L’histoire éloquente de l’acétamipride
Ce pesticide était au cœur des débats sur la loi Duplomb qui ont agité tout l’été. Nous remontons le fil de l’histoire de cette molécule tourmentée par des enjeux financiers, écologiques et sanitaires. Pour comprendre comment on en est arrivés là.
Tout le monde commence à savoir prononcer son nom : a-cé-ta-mi-pride. C10H11ClN4 pour les intimes. Cet été, cette molécule a rassemblé autour d’elle – ou plutôt contre elle – plus de deux millions de signatures, en opposition à la loi Duplomb réautorisant l’utilisation de ce pesticide interdit en France depuis 2018. “Il y a eu une pression inattendue, populaire, mais aussi des associations de médecins, des scientifiques et des organismes de recherche – le CNRS, l’Inserm, l’Inrae”, observe Jean-Marc Bonmatin, chimiste et toxicologue du CNRS au Centre de biophysique moléculaire d’Orléans. Mais il faut remonter le fil de cette histoire pleine de contradictions pour mieux comprendre ce qui, cet été, s’est cristallisé autour de ces 26 atomes.
Parfait pesticide
Tout commence avec le tabac, une plante connue depuis des siècles pour ses effets insecticides – les feuilles séchées repoussent les mites dans les armoires.

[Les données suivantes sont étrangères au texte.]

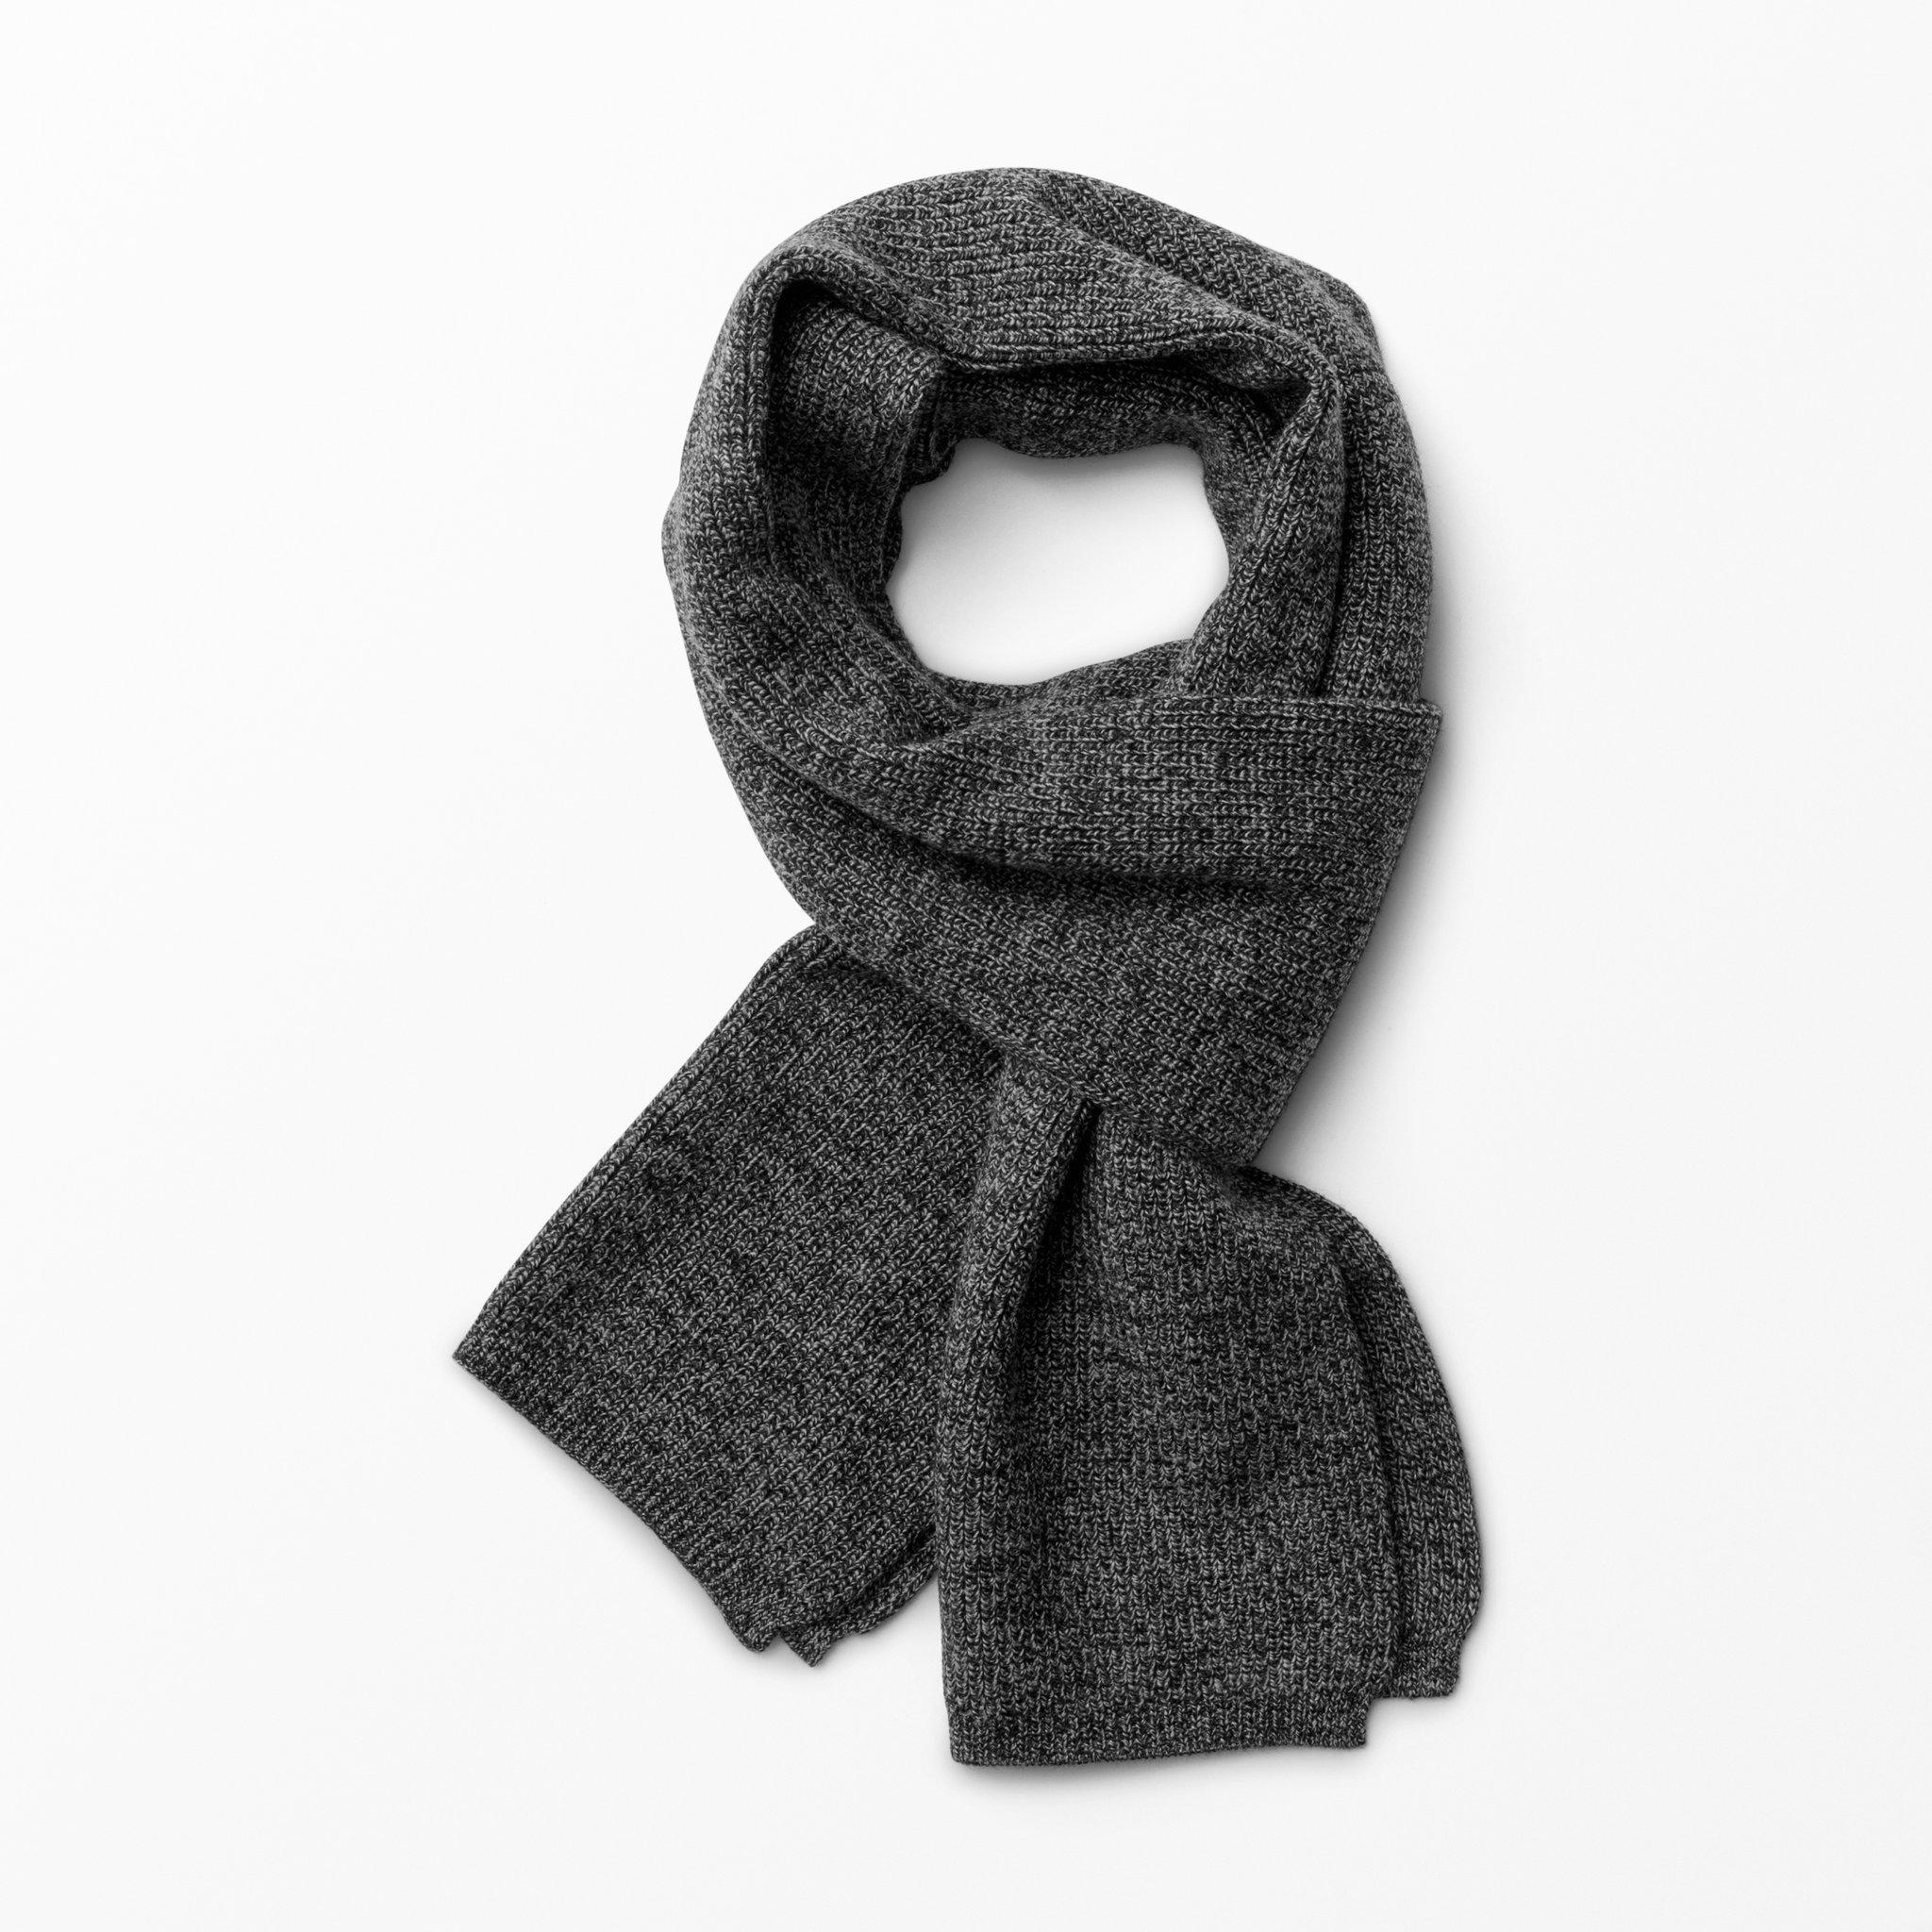 Halsduk i ull - Accessoarer - Köp online på åhlens.se! 05c5597cb5731

La nicotine agit sur leurs synapses, la zone de contact entre deux neurones. “Dans les années 1970 et 1980, l’industrie de la chimie de synthèse explore de multiples voies pour créer des molécules dont la formule chimique s’approche de la nicotine”, raconte Christian Huyghe, ingénieur agronome et ancien directeur scientifique agriculture de l’Inrae. L’idée est d’imiter la nicotine, mais en y greffant un atome de chlore pour créer des impulsions incontrôlables, une hyperstimulation nerveuse qui ne s’arrête jamais. “La nicotine, ce n’est pas bon, mais la nicotine chlorée, c’est catastrophique : imaginez une crampe généralisée sur votre corps”, résume Jean-Marc Bonmatin. En paralysant l’insecte, jusqu’à provoquer sa mort, ces molécules baptisées “néonicotinoïdes” promettent d’être de parfaits pesticides.